◆ What the exercise asks
Retype the entries below exactly, but begin at the line containing "Closeup of tabby cat face in profile" and end at the last line.

Dataset excerpts
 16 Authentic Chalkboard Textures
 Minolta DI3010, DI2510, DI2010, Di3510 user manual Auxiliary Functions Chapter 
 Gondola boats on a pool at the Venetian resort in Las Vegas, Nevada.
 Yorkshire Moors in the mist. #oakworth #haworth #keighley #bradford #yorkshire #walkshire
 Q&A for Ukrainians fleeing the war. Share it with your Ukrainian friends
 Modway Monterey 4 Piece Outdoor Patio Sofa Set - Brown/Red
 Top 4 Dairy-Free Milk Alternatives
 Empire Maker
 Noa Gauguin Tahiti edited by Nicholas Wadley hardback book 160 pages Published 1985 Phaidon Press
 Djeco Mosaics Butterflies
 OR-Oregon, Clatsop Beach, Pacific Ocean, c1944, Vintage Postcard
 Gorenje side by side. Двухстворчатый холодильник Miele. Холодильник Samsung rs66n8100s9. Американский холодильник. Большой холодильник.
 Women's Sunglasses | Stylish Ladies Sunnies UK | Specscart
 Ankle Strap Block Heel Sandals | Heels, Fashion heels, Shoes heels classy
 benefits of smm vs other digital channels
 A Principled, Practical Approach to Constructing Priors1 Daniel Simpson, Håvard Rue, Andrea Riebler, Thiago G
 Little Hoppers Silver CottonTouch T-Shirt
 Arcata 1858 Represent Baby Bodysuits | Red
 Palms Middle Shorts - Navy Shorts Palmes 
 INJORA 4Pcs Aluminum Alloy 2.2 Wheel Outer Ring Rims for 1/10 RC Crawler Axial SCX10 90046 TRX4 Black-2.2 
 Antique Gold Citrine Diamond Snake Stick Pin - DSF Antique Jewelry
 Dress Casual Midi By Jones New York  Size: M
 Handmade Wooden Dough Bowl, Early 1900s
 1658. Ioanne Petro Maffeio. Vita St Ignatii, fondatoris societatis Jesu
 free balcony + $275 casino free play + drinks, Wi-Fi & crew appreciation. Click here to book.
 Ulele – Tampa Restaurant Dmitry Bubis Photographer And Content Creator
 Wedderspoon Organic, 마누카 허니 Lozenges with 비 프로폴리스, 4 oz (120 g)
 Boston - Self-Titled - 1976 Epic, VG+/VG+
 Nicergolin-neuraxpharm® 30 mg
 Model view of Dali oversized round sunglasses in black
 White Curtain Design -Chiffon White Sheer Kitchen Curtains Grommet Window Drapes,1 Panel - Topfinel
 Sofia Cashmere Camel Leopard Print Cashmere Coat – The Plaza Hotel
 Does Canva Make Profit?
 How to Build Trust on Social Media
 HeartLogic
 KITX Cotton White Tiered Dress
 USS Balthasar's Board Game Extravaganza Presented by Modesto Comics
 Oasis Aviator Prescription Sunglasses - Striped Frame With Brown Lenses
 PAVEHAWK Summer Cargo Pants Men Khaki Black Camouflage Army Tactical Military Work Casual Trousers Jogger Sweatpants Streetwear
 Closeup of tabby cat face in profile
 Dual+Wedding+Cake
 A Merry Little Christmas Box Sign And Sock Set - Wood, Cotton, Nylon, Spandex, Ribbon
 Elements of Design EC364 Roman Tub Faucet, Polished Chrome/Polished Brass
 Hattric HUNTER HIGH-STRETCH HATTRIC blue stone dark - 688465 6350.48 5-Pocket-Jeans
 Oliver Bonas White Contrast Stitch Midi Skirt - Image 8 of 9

◆ Answer to the exercise
 Closeup of tabby cat face in profile
 Dual+Wedding+Cake
 A Merry Little Christmas Box Sign And Sock Set - Wood, Cotton, Nylon, Spandex, Ribbon
 Elements of Design EC364 Roman Tub Faucet, Polished Chrome/Polished Brass
 Hattric HUNTER HIGH-STRETCH HATTRIC blue stone dark - 688465 6350.48 5-Pocket-Jeans
 Oliver Bonas White Contrast Stitch Midi Skirt - Image 8 of 9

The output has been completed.